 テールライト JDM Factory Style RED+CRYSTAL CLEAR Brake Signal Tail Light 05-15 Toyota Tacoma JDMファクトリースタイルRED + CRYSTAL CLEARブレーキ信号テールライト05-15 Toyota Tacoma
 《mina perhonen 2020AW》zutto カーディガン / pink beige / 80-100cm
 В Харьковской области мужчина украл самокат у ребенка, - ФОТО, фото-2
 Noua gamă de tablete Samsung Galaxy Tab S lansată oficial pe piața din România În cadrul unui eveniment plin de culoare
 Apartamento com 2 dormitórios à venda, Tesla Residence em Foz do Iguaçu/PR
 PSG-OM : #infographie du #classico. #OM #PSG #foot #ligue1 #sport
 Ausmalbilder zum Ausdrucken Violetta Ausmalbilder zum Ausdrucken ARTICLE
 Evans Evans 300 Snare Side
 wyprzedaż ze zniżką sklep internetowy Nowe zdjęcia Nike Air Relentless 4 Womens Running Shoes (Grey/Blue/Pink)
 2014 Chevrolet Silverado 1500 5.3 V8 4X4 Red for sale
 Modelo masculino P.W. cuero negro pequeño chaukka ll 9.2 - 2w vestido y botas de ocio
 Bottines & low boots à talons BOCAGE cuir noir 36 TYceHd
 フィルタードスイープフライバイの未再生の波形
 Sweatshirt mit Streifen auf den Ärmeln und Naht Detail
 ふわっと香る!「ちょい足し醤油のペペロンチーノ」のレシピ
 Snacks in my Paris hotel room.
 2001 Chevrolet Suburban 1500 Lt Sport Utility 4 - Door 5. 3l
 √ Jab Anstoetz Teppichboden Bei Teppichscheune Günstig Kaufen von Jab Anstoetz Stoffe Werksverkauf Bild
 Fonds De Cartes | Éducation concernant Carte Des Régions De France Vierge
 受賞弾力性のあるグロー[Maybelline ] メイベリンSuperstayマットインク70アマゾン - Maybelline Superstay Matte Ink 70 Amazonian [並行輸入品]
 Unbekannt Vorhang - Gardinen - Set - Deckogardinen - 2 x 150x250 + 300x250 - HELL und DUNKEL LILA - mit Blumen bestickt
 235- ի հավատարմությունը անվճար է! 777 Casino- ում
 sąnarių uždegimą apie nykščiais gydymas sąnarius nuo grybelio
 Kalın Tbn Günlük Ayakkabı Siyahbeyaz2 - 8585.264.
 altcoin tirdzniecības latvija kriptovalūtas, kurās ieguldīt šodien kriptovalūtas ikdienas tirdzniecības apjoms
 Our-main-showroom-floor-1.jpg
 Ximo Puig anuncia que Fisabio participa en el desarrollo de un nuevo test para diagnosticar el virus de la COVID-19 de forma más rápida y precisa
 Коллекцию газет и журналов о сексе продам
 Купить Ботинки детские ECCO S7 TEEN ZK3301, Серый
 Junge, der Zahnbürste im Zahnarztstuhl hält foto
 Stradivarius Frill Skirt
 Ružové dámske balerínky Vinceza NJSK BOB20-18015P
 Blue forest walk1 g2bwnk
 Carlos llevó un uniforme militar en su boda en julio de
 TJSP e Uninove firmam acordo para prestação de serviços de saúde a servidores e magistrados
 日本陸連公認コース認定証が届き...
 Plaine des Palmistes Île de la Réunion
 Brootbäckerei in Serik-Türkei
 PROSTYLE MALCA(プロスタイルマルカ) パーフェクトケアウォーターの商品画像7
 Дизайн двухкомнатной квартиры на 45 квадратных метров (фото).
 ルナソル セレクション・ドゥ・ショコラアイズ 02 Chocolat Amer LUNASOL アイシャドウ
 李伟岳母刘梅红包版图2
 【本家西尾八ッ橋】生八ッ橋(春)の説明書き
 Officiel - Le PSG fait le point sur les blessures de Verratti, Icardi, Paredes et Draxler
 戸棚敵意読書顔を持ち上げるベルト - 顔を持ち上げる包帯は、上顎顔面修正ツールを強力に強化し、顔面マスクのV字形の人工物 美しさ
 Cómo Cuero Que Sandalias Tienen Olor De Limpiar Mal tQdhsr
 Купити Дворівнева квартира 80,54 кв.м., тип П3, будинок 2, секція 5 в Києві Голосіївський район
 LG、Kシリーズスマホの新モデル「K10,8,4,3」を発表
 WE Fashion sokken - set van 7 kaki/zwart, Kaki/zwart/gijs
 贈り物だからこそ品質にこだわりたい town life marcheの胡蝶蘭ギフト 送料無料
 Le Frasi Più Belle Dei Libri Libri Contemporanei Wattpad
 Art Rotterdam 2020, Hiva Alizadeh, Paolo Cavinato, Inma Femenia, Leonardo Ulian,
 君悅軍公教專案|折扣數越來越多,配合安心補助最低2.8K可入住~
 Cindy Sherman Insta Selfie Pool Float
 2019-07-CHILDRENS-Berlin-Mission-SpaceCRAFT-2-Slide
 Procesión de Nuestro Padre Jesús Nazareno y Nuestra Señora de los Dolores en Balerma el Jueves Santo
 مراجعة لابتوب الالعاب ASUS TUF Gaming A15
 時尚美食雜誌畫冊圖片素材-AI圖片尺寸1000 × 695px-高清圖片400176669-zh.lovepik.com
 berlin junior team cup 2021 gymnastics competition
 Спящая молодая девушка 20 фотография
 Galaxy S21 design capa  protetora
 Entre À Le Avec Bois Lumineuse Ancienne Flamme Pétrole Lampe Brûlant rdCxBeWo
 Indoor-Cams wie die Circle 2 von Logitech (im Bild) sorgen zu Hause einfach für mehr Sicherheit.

TASK TO CARRY OUT
Please reproduce every record shown above, exactly as written.

ANSWER AREA
 テールライト JDM Factory Style RED+CRYSTAL CLEAR Brake Signal Tail Light 05-15 Toyota Tacoma JDMファクトリースタイルRED + CRYSTAL CLEARブレーキ信号テールライト05-15 Toyota Tacoma
 《mina perhonen 2020AW》zutto カーディガン / pink beige / 80-100cm
 В Харьковской области мужчина украл самокат у ребенка, - ФОТО, фото-2
 Noua gamă de tablete Samsung Galaxy Tab S lansată oficial pe piața din România În cadrul unui eveniment plin de culoare
 Apartamento com 2 dormitórios à venda, Tesla Residence em Foz do Iguaçu/PR
 PSG-OM : #infographie du #classico. #OM #PSG #foot #ligue1 #sport
 Ausmalbilder zum Ausdrucken Violetta Ausmalbilder zum Ausdrucken ARTICLE
 Evans Evans 300 Snare Side
 wyprzedaż ze zniżką sklep internetowy Nowe zdjęcia Nike Air Relentless 4 Womens Running Shoes (Grey/Blue/Pink)
 2014 Chevrolet Silverado 1500 5.3 V8 4X4 Red for sale
 Modelo masculino P.W. cuero negro pequeño chaukka ll 9.2 - 2w vestido y botas de ocio
 Bottines & low boots à talons BOCAGE cuir noir 36 TYceHd
 フィルタードスイープフライバイの未再生の波形
 Sweatshirt mit Streifen auf den Ärmeln und Naht Detail
 ふわっと香る!「ちょい足し醤油のペペロンチーノ」のレシピ
 Snacks in my Paris hotel room.
 2001 Chevrolet Suburban 1500 Lt Sport Utility 4 - Door 5. 3l
 √ Jab Anstoetz Teppichboden Bei Teppichscheune Günstig Kaufen von Jab Anstoetz Stoffe Werksverkauf Bild
 Fonds De Cartes | Éducation concernant Carte Des Régions De France Vierge
 受賞弾力性のあるグロー[Maybelline ] メイベリンSuperstayマットインク70アマゾン - Maybelline Superstay Matte Ink 70 Amazonian [並行輸入品]
 Unbekannt Vorhang - Gardinen - Set - Deckogardinen - 2 x 150x250 + 300x250 - HELL und DUNKEL LILA - mit Blumen bestickt
 235- ի հավատարմությունը անվճար է! 777 Casino- ում
 sąnarių uždegimą apie nykščiais gydymas sąnarius nuo grybelio
 Kalın Tbn Günlük Ayakkabı Siyahbeyaz2 - 8585.264.
 altcoin tirdzniecības latvija kriptovalūtas, kurās ieguldīt šodien kriptovalūtas ikdienas tirdzniecības apjoms
 Our-main-showroom-floor-1.jpg
 Ximo Puig anuncia que Fisabio participa en el desarrollo de un nuevo test para diagnosticar el virus de la COVID-19 de forma más rápida y precisa
 Коллекцию газет и журналов о сексе продам
 Купить Ботинки детские ECCO S7 TEEN ZK3301, Серый
 Junge, der Zahnbürste im Zahnarztstuhl hält foto
 Stradivarius Frill Skirt
 Ružové dámske balerínky Vinceza NJSK BOB20-18015P
 Blue forest walk1 g2bwnk
 Carlos llevó un uniforme militar en su boda en julio de
 TJSP e Uninove firmam acordo para prestação de serviços de saúde a servidores e magistrados
 日本陸連公認コース認定証が届き...
 Plaine des Palmistes Île de la Réunion
 Brootbäckerei in Serik-Türkei
 PROSTYLE MALCA(プロスタイルマルカ) パーフェクトケアウォーターの商品画像7
 Дизайн двухкомнатной квартиры на 45 квадратных метров (фото).
 ルナソル セレクション・ドゥ・ショコラアイズ 02 Chocolat Amer LUNASOL アイシャドウ
 李伟岳母刘梅红包版图2
 【本家西尾八ッ橋】生八ッ橋(春)の説明書き
 Officiel - Le PSG fait le point sur les blessures de Verratti, Icardi, Paredes et Draxler
 戸棚敵意読書顔を持ち上げるベルト - 顔を持ち上げる包帯は、上顎顔面修正ツールを強力に強化し、顔面マスクのV字形の人工物 美しさ
 Cómo Cuero Que Sandalias Tienen Olor De Limpiar Mal tQdhsr
 Купити Дворівнева квартира 80,54 кв.м., тип П3, будинок 2, секція 5 в Києві Голосіївський район
 LG、Kシリーズスマホの新モデル「K10,8,4,3」を発表
 WE Fashion sokken - set van 7 kaki/zwart, Kaki/zwart/gijs
 贈り物だからこそ品質にこだわりたい town life marcheの胡蝶蘭ギフト 送料無料
 Le Frasi Più Belle Dei Libri Libri Contemporanei Wattpad
 Art Rotterdam 2020, Hiva Alizadeh, Paolo Cavinato, Inma Femenia, Leonardo Ulian,
 君悅軍公教專案|折扣數越來越多,配合安心補助最低2.8K可入住~
 Cindy Sherman Insta Selfie Pool Float
 2019-07-CHILDRENS-Berlin-Mission-SpaceCRAFT-2-Slide
 Procesión de Nuestro Padre Jesús Nazareno y Nuestra Señora de los Dolores en Balerma el Jueves Santo
 مراجعة لابتوب الالعاب ASUS TUF Gaming A15
 時尚美食雜誌畫冊圖片素材-AI圖片尺寸1000 × 695px-高清圖片400176669-zh.lovepik.com
 berlin junior team cup 2021 gymnastics competition
 Спящая молодая девушка 20 фотография
 Galaxy S21 design capa  protetora
 Entre À Le Avec Bois Lumineuse Ancienne Flamme Pétrole Lampe Brûlant rdCxBeWo
 Indoor-Cams wie die Circle 2 von Logitech (im Bild) sorgen zu Hause einfach für mehr Sicherheit.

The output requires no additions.